Last updated : 05 April 2015 By Paul Evans

The obvious benefit of it has been that four sides from each division of the Football League can prolong their season by contesting what is in essence a mini tournament with a final at Wembley played amid tremendous tension with the prize for the winners being a place in a higher division the following season – the difference in financial terms between victory and defeat in the Championship Play Off Final has seen it sometimes described as the biggest game of the domestic season.

What I have in mind in this instance though is how the Play Off system can give sides a sense of purpose in the latter stages of a season that wouldn’t otherwise be there.
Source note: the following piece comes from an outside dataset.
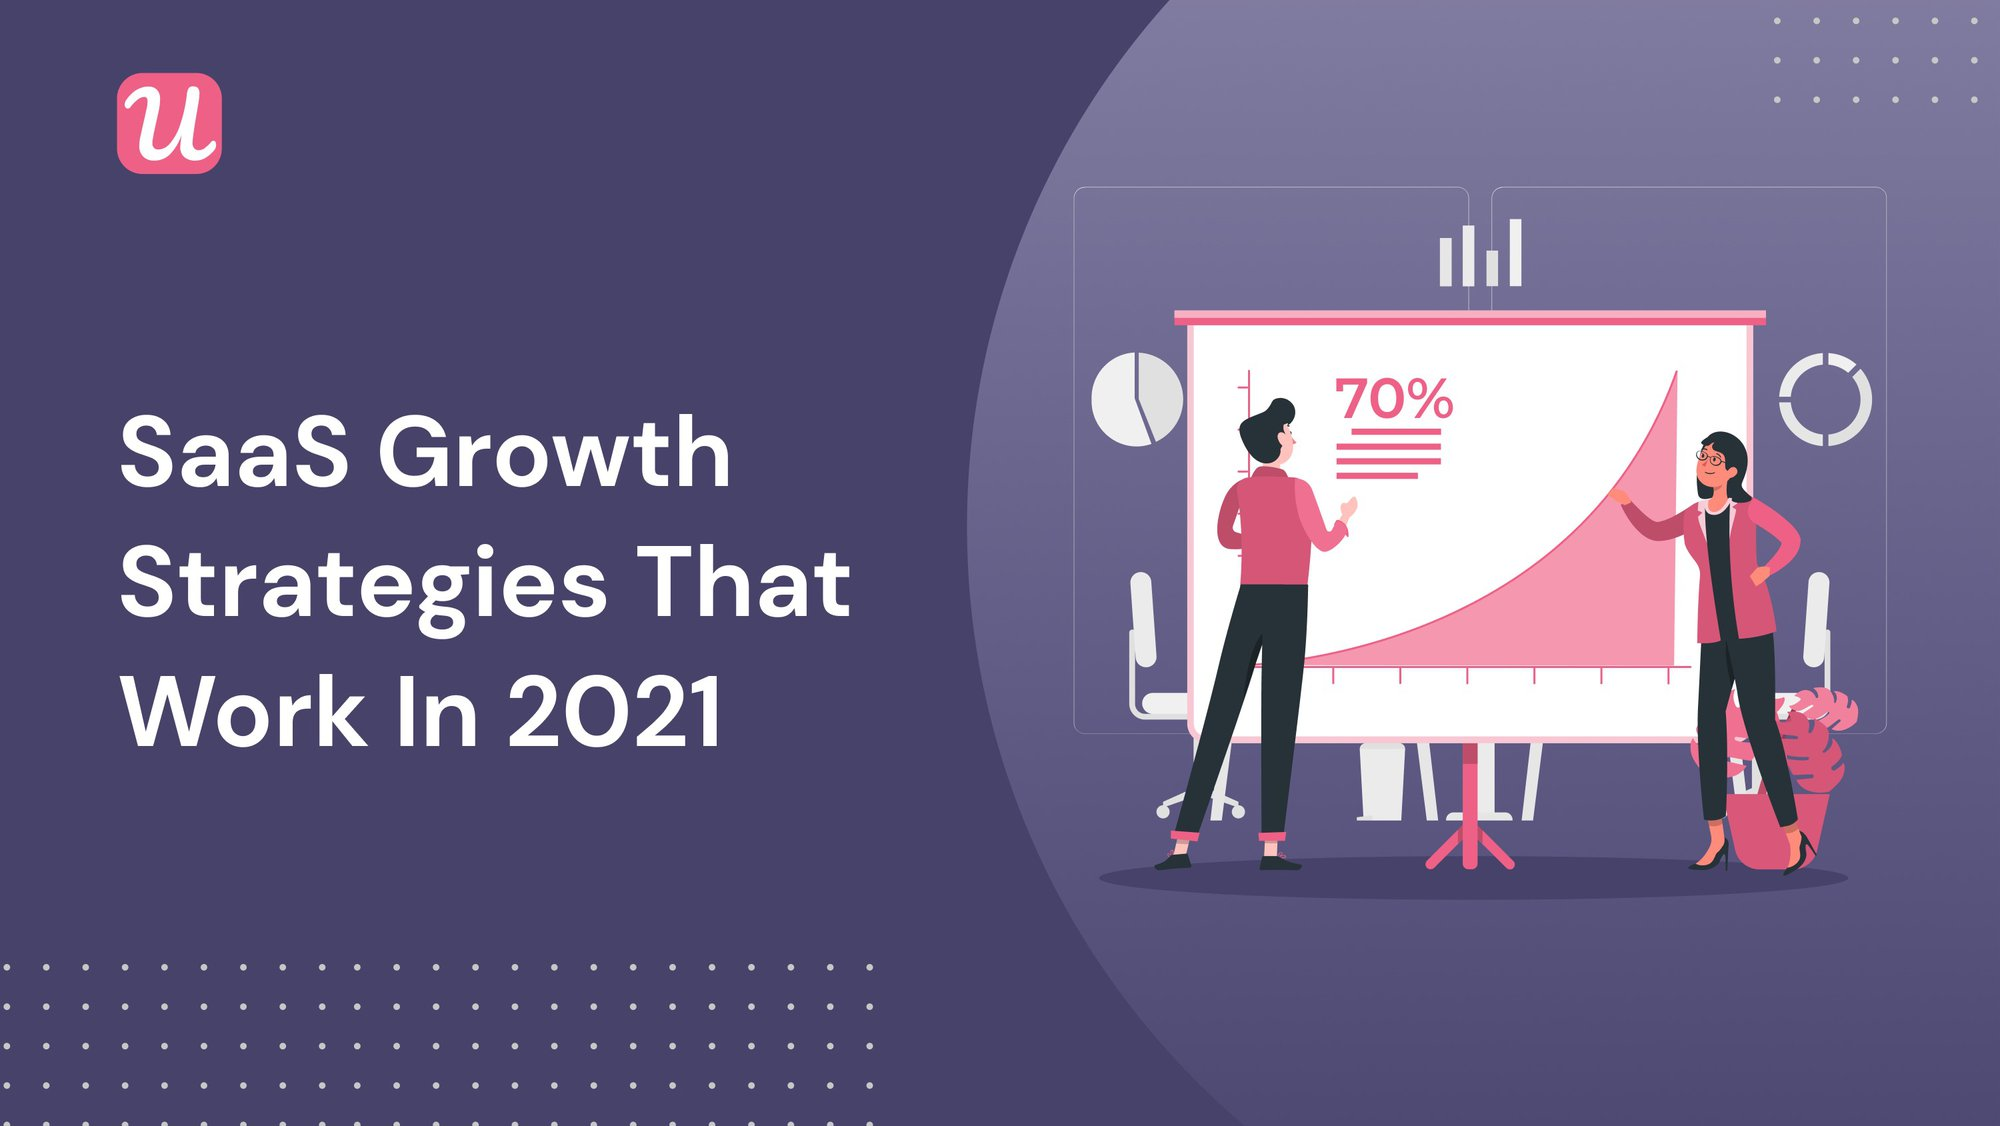 SaaS Growth Strategies That Work in 2021 -  with Aaron Krall, Sujan Patel and Natalie Luneva

Although yesterday’s loss to Wolves makes it the longest of long shots now for Forest, the fact that you can now be promoted by finishing sixth when you once had to come third means their fans can keep on dreaming a little longer. In League One, I’d say even Gillingham down in fourteenth place could still yet end up playing Championship football next season and, in League Two, where a seventh place finish is sufficient, the possible promotion teams include Morecambe in thirteenth.

All of this makes Cardiff City’s 2014/15 season remarkable, even if it is for the most mundane of reasons.
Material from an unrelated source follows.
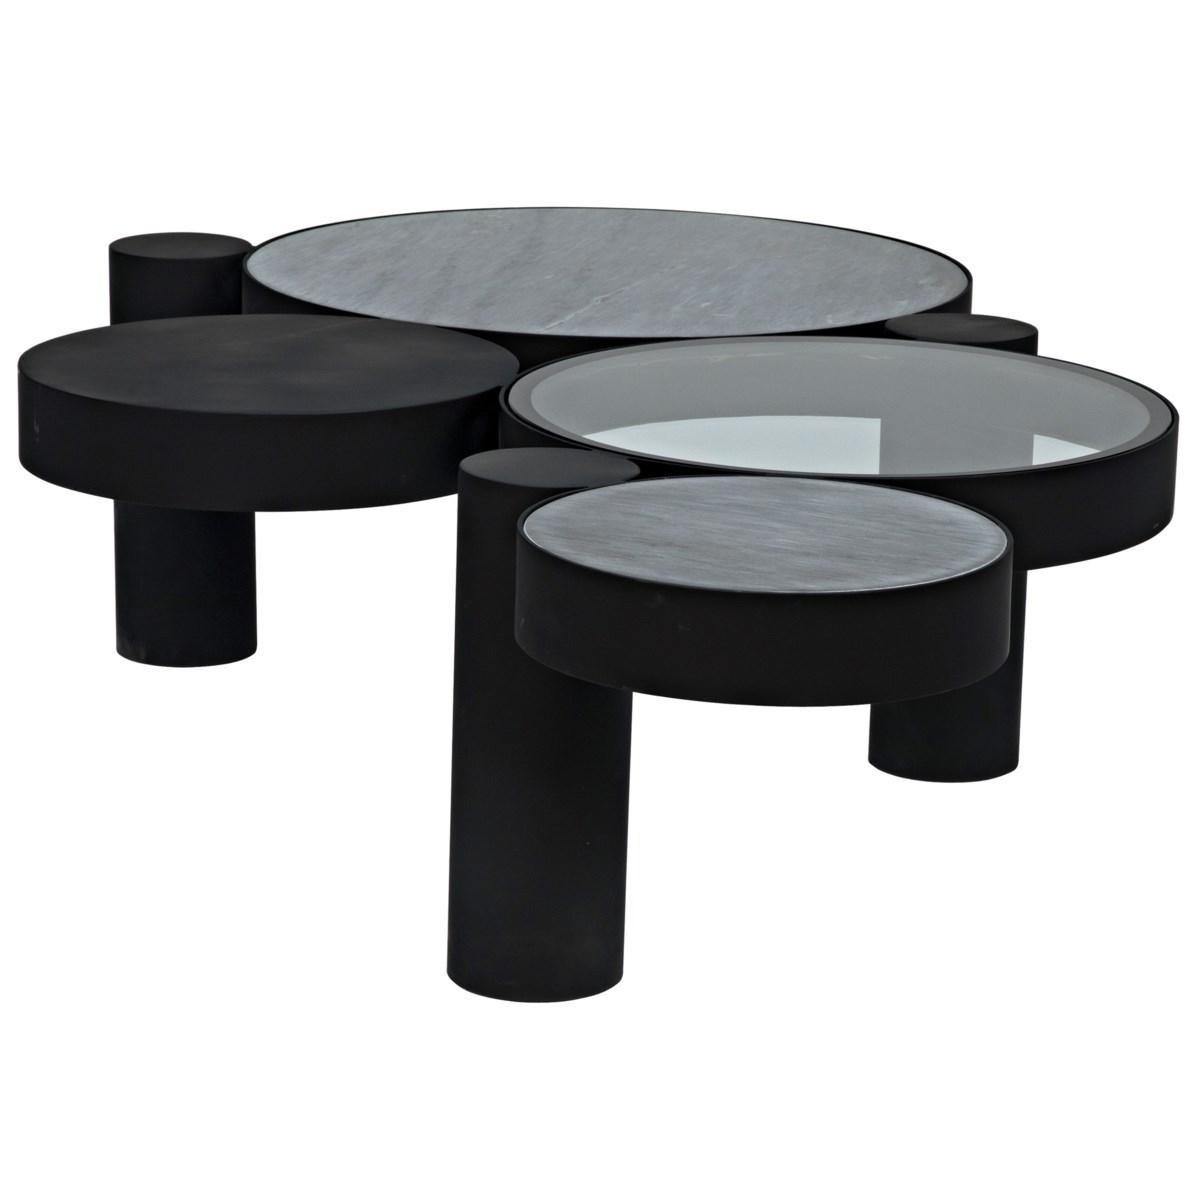 Trypo Coffee Table, Black Steel

Congratulations to Aron Gunnarsson and his partner on the birth of their child - Gunnar worked as hard as ever and played a big part in the goal, but there was the usual lack of craft and attacking flair from City in the middle of the park.*

Congratulations to Aron Gunnarsson and his partner on the birth of their child – Gunnar worked as hard as ever and played a big part in the goal, but there was the usual lack of craft and attacking flair from City in the middle of the park.*

Even now, with only a month of the season left, I’d say there would still be an element of tension in the dressing rooms of at least three quarters of the teams in the Football League because there will be the thought that they could still be going up or down.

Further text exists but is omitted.